You'll be hearing more about some of those things in future posts. As it is, I'll leave you with a few more random photos and a reminder that we are planning to re-open The Naturalist's Notebook for three Saturdays of holiday shopping and fun starting after Thanksgiving (11/26, 12/3 and 12/10). Stay tuned for more details.
Our aerial adventure involved a Virgin Atlantic jet, not a 150-million-year-old Archaeopteryx, but this model of the latter was another highlight of the Oxford museum. The Archaeopteryx, sometimes referred to as the first bird, was more likely (though scientists are still debating this) a transitional species between dinosaurs and birds. I posted a photo of a famous Archaeopteryx fossil last fall from our Pacific Flyway road trip through the western U.S.
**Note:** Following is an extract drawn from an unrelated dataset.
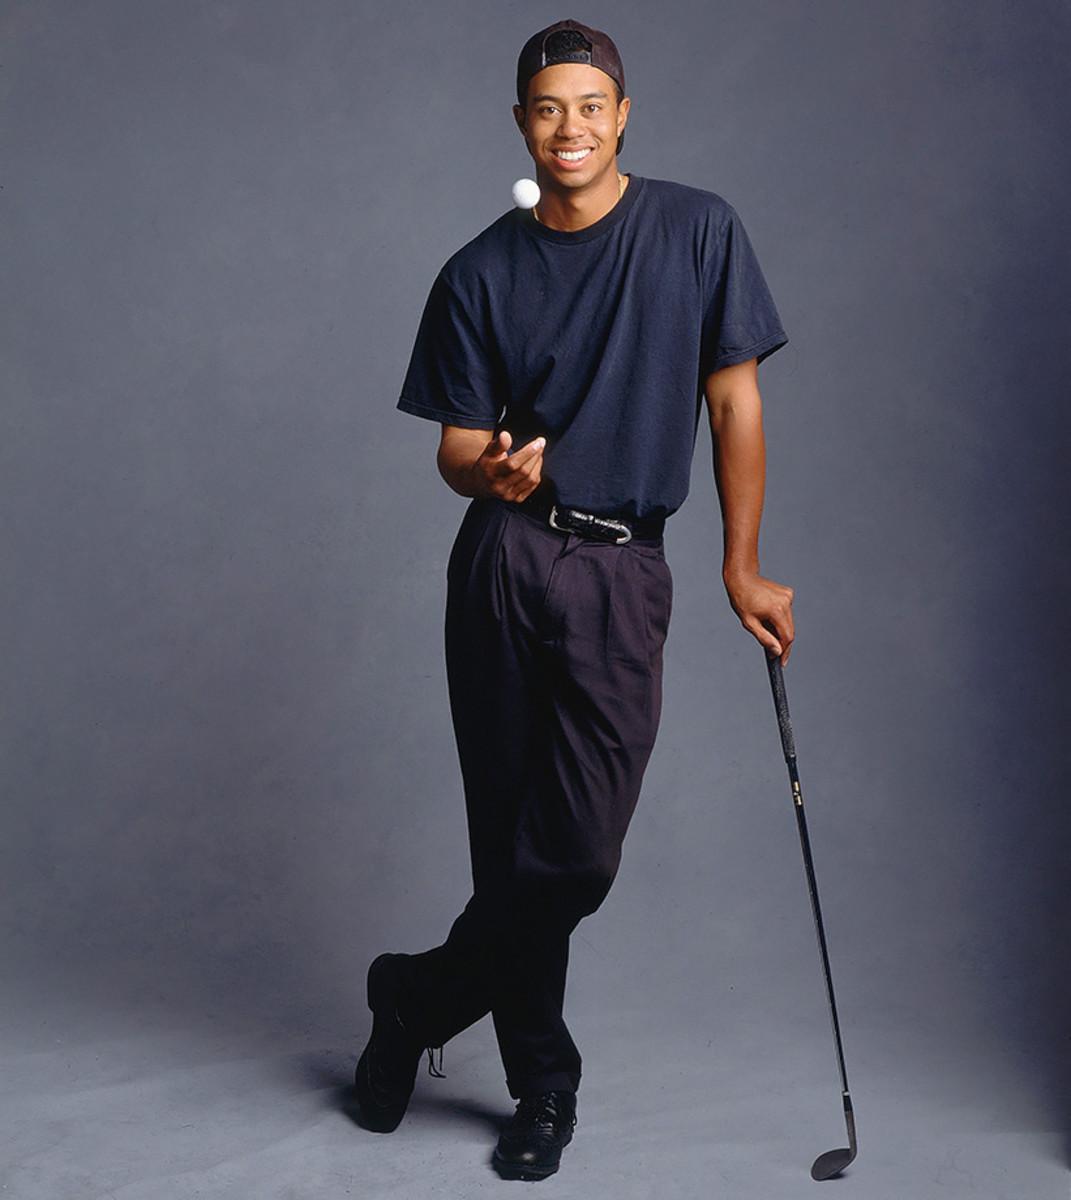 1996-1204-Tiger-Woods-005533122.jpg

Pamelia and I hiked through woods and farm fields on a network of public footpaths that was marked, though not always with complete clarity.
We ambled past a kitty kennel with a name straight out of Harry Potter.
How's this for a revealing label: Our bag of potato chips—er, potato crisps—identified the type of spud and the region in which it was grown. If extended to all foods, wouldn't that approach make everyone think a bit more about what they eat?